In general, to see the regularity of a function produced by the Fourier transform, look at the decay of the Fourier transform. You found that $u(\cdot,t)$ is the inverse Fourier transform of $e^{-|k|^2t}\hat u_0(k)$. This means that the decay on the Fourier side is greatly improved as compared to $u_0$. When the Fourier transform decays faster than any power of $|k|$, the function is smooth.
The Fourier method in itself does not assume that the solution is a classical one. In principle, it is enough that $u$ solves the PDE in the sense of, say, Schwartz distributions. The way differentiation turns into multiplication by polynomials works for these distributions even though differentiation is defined weakly. Distribution-valued ODEs (like $\partial_t\hat u=-|k|^2\hat u$) require some care to set up and solve properly, but it can be done.

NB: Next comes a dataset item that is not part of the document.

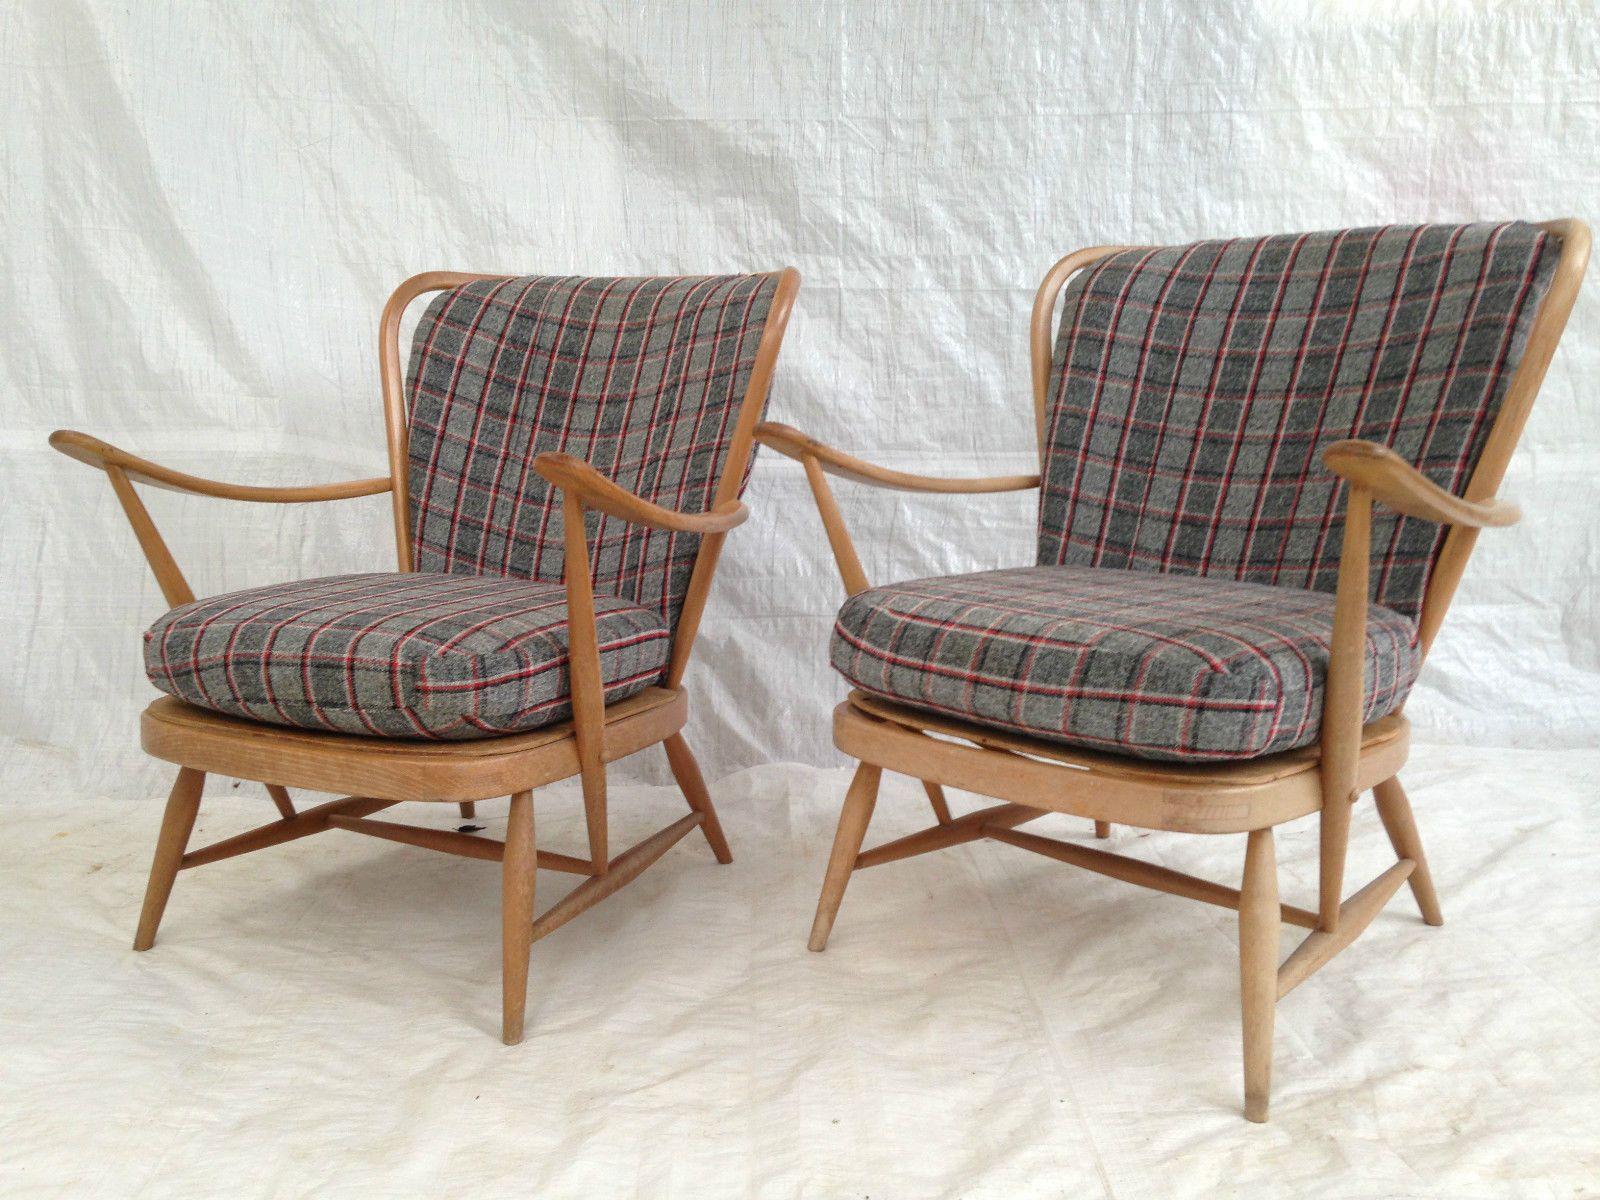 Vintage Retro Mid Century ERCOL Windsor Chair 1950s Blonde ...

As long as your function class turns weak derivatives to polynomials upon Fourier transform, the method is fine for weak solutions. Or if you can use test functions (in the definition of a weak solutions) that resemble $e^{ik\cdot x}$, you can use the definition directly. And it may sometimes happen that the Fourier transform method is not always perfectly justified, but it leads to a good guess for a solution which can be proven correct and unique by other means.